Her assertion that the advent of the birth control pill caused an increase in venereal disease infections (nobody in Westernized countries loses a nose to siphillis today), more sexual partners (actually a change in social mores, divorce rates and women's equality since the sixties - and by the way, alone not a bad thing), and decreased use of condoms (the use of which has been hampered by abstinence teaching and funding here and around the world) are all conjecture. She doesn't have a single fact to back any of it up and she confuses advent of the pill with these issues, ignoring that other factors had an impact as well.

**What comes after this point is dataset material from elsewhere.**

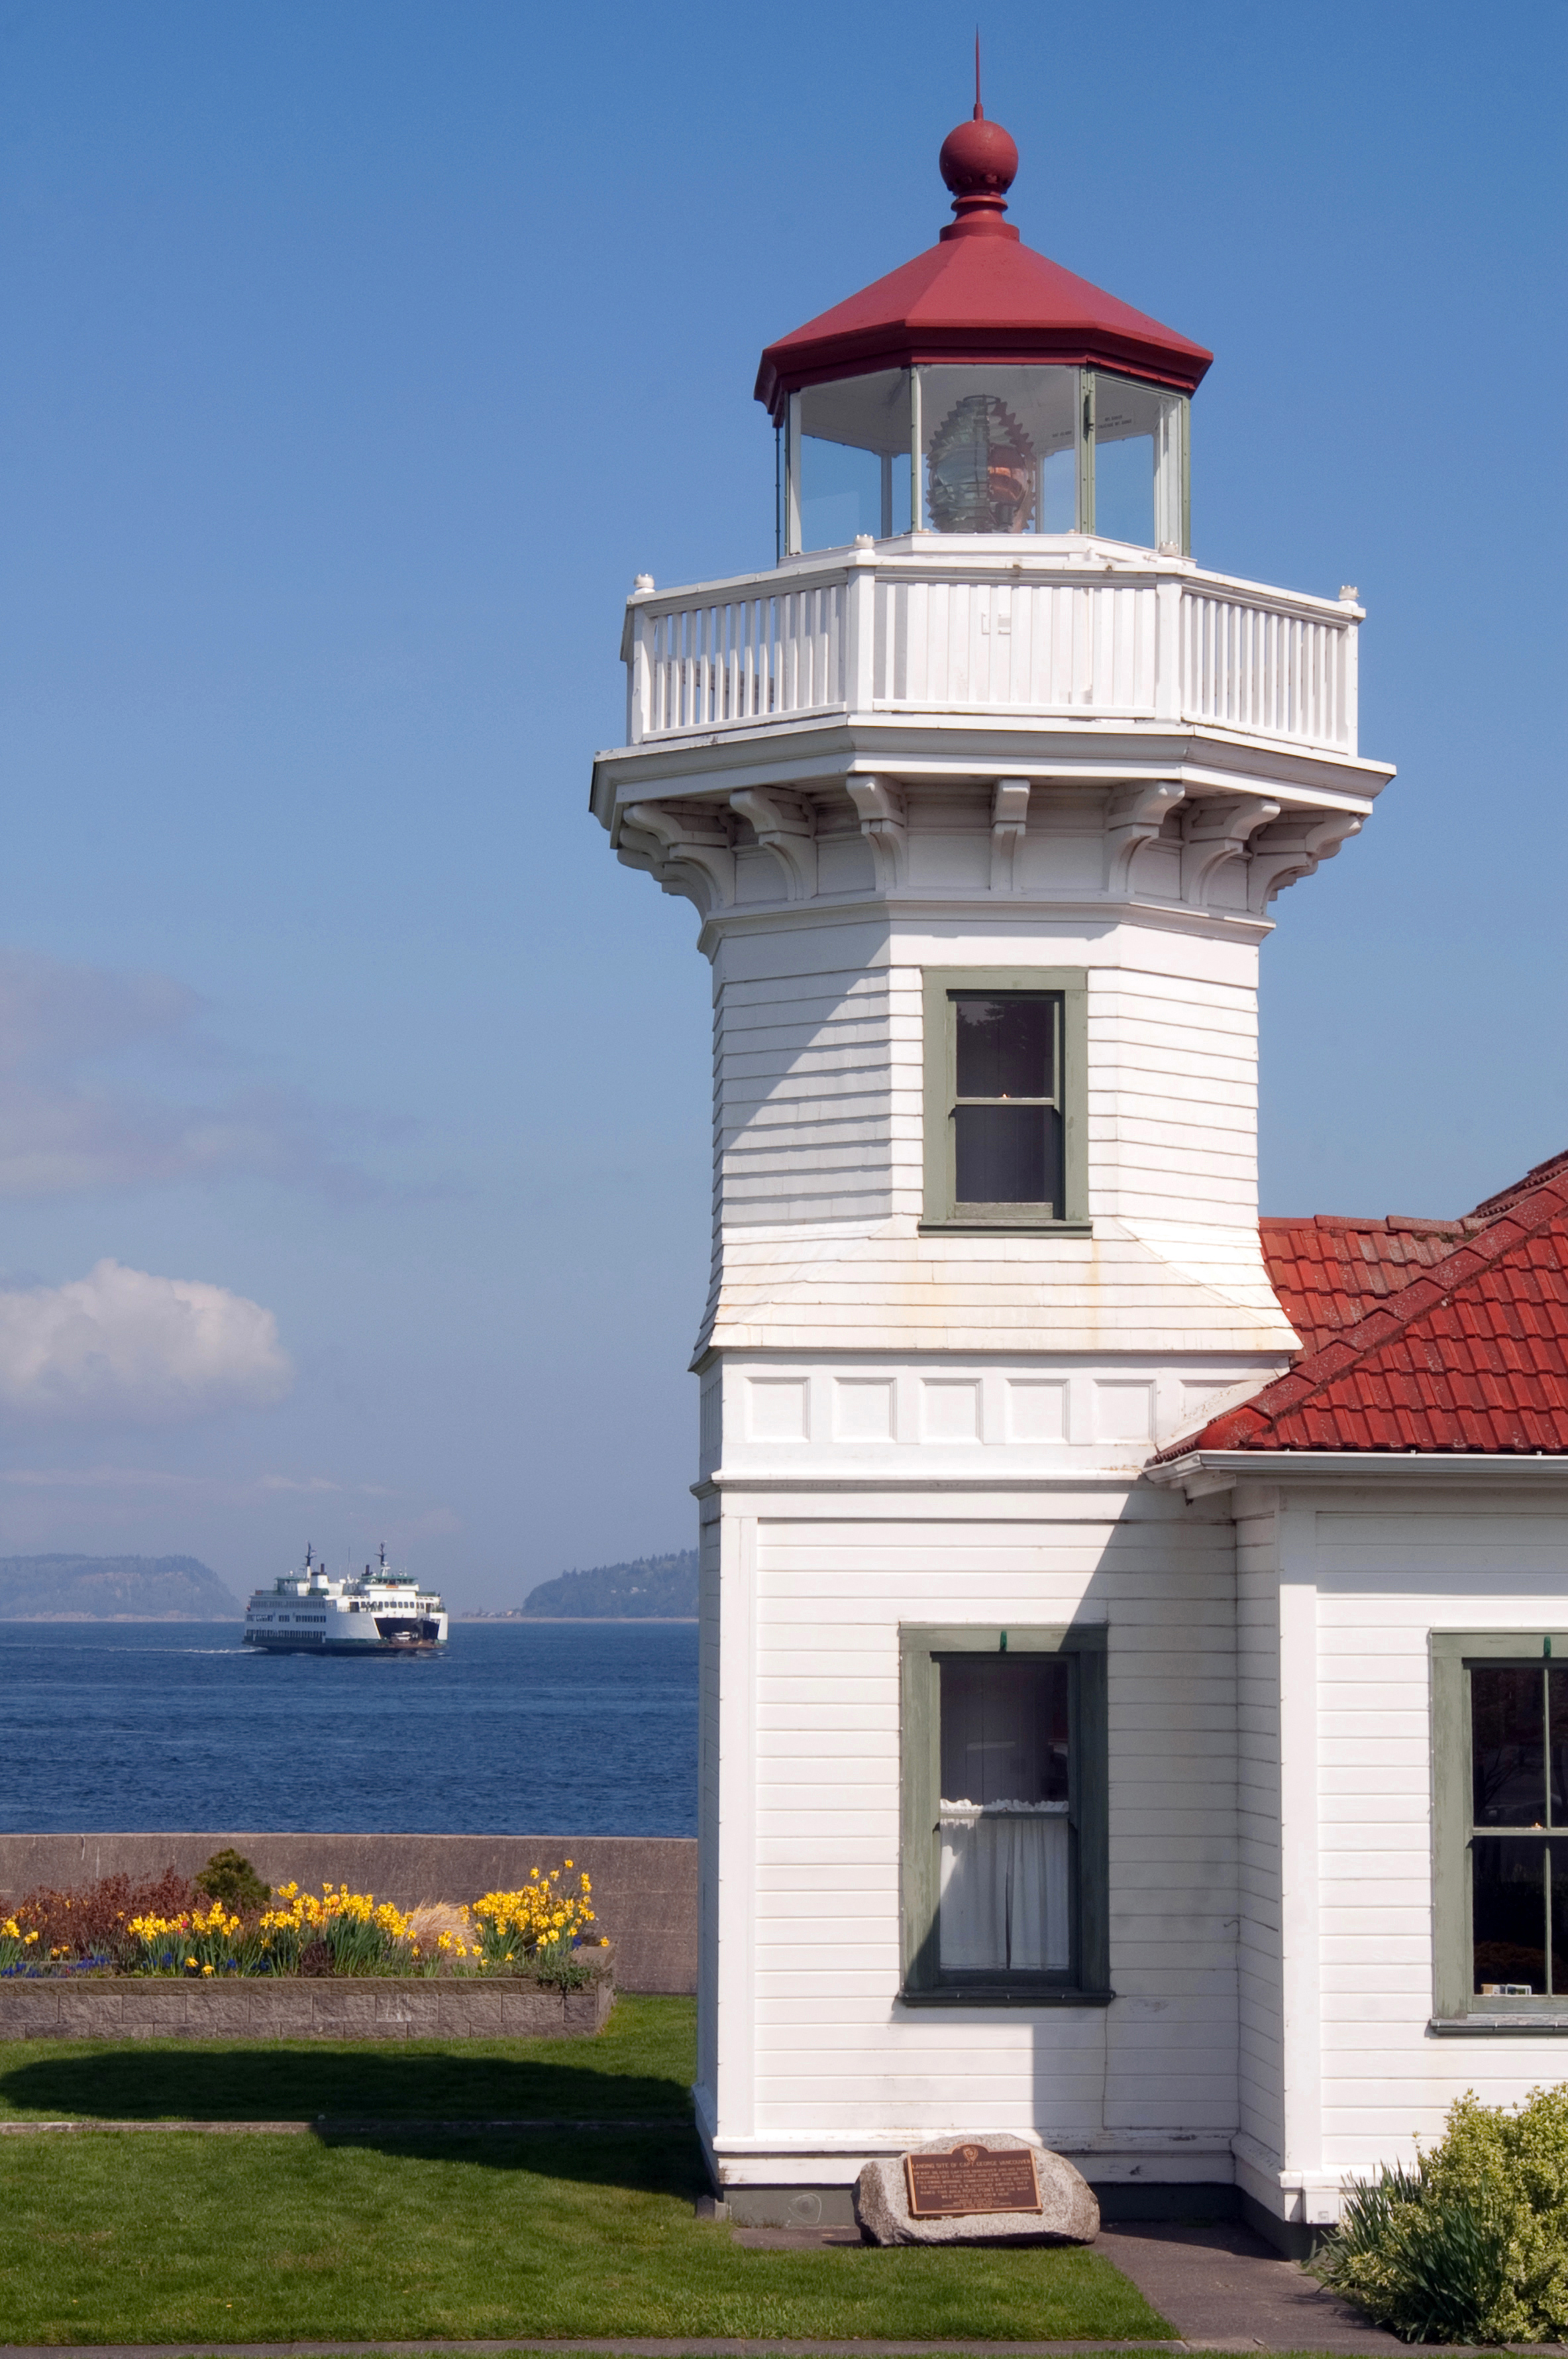 Lighthouse in Puget Sound

2. Appropriation of scientific-sounding language for emotional stories that are used as representative of fact but are unreasoned:

Citing credible sources but using faulty logic to string them together, she throws out the AP (not always credible, I should note), the World Health Organization, Homeland Security Today as though provide her premise with legitimacy. But her effort is to cause an emotional reaction of fear and anger in her readers that masquerades as science. The peppering of numbers and dates make it look like she knows what she's talking about.

3. Innumeracy, or sloppy numbers:

Despite a plethora of credible studies that conclusively show that abstinence education causes increased spread of sexually transmitted disease in the US, she makes her own conclusions based on ideology - because she does not want to believe in the facts. She prefers to cling to unproven but "pure" ideas of abstinence and human behavior.

4. Definitions so broad as to be meaningless:

Disease, sexually transmitted viruses, global politics, abstinence education (quite different in the US than in Uganda, Kenya or Cambodia): Stanek neglects to differentiate between sexually transmitted and air-born viruses, global travel issues (she's got no facts on how many HIV travelers will come to the US, nor on how many of those have drug-resistant TB but uses fear of infection to make the possibilities credible). And she conflates STDs and HIV infection.

5. Expert-bashing which keeps the public confused on the legitimacy of science and facts and prevents clear distinction between pseudo science and good, tested, provable science:

By criticizing policies unpopular among conservatives, health care reform and immigration, she has an audience ready to take her assertions at face value. That the smart people in government can't see the facts plays into existing fear of a black president, terrorism, and health concerns. Never mind that she's got no way to prove that all these disparate factors - coincidence of HIV and TB infection, the lifting of the ban on HIV travel, the revision of health care, and abstinence education - are in any way related.

We're not encouraged to logically or scientifically analyze news information. We live in an environment that runs on outrage, fear and conjecture. Were common readers able or willing to assess the information that passes their way on it's scientific and factual merit, they would better grasp the ideological motives behind such "reports." But in a culture where intelligent design is taught in schools and man is considered to be made in God's image, proof too seldom plays a role in how we govern our actions and our country country.

For all the science that have proven abstinence education doesn't work, Stanek and her contingency cling to the belief that it will solve social problems like teenage pregnancy, the spread of STDs - and sadly, the move to treat women with equality in society. But facts and current human behavior prove otherwise.

If her objective is to reduce these challenges in society (STD infection, teenage pregnancy, HIV), logically Stanek would be the greatest proponent of birth control on the planet. Condoms again and again have been proven to work. But, sadly, that's not her objective. And sadly, she's still spreading unfounded ideology far and wide.